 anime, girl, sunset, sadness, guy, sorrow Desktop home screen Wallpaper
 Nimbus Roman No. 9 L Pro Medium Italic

==

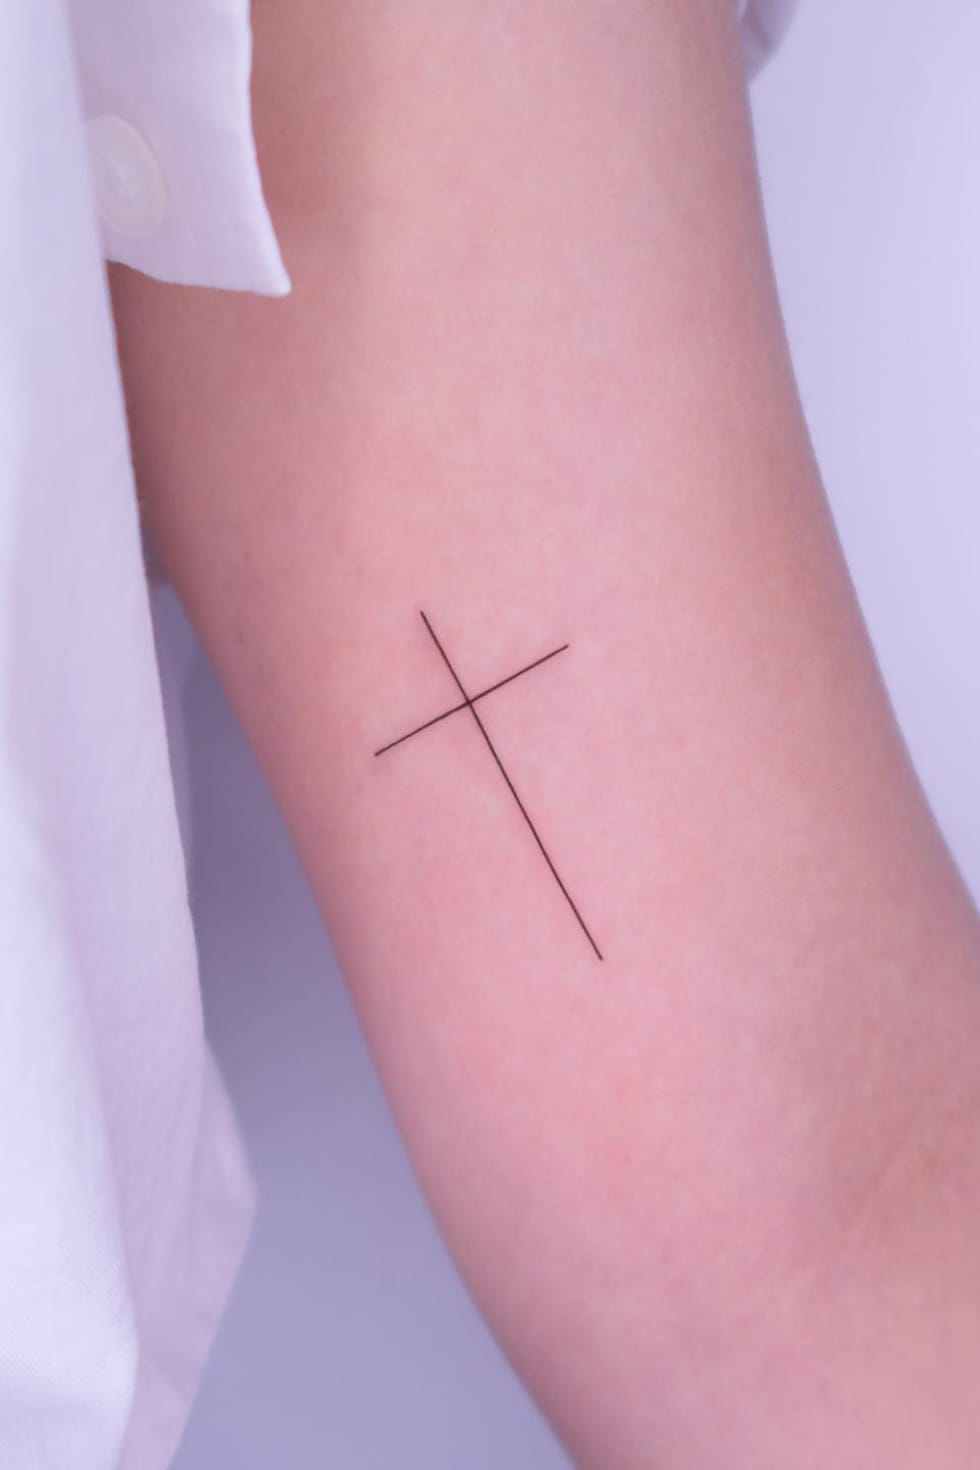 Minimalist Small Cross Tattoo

* * *

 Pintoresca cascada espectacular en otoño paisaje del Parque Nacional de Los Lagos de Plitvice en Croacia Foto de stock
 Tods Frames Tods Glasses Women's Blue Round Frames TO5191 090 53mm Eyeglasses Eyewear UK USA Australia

Task =>
Look above for the line that contains "anime, girl, sunset, sadness, guy, sorrow". Starting there, transcribe every line exactly until you have copied the line that contains "Nimbus Roman No. 9 L Pro Medium Italic".

Task answer =>
 anime, girl, sunset, sadness, guy, sorrow Desktop home screen Wallpaper
 Nimbus Roman No. 9 L Pro Medium Italic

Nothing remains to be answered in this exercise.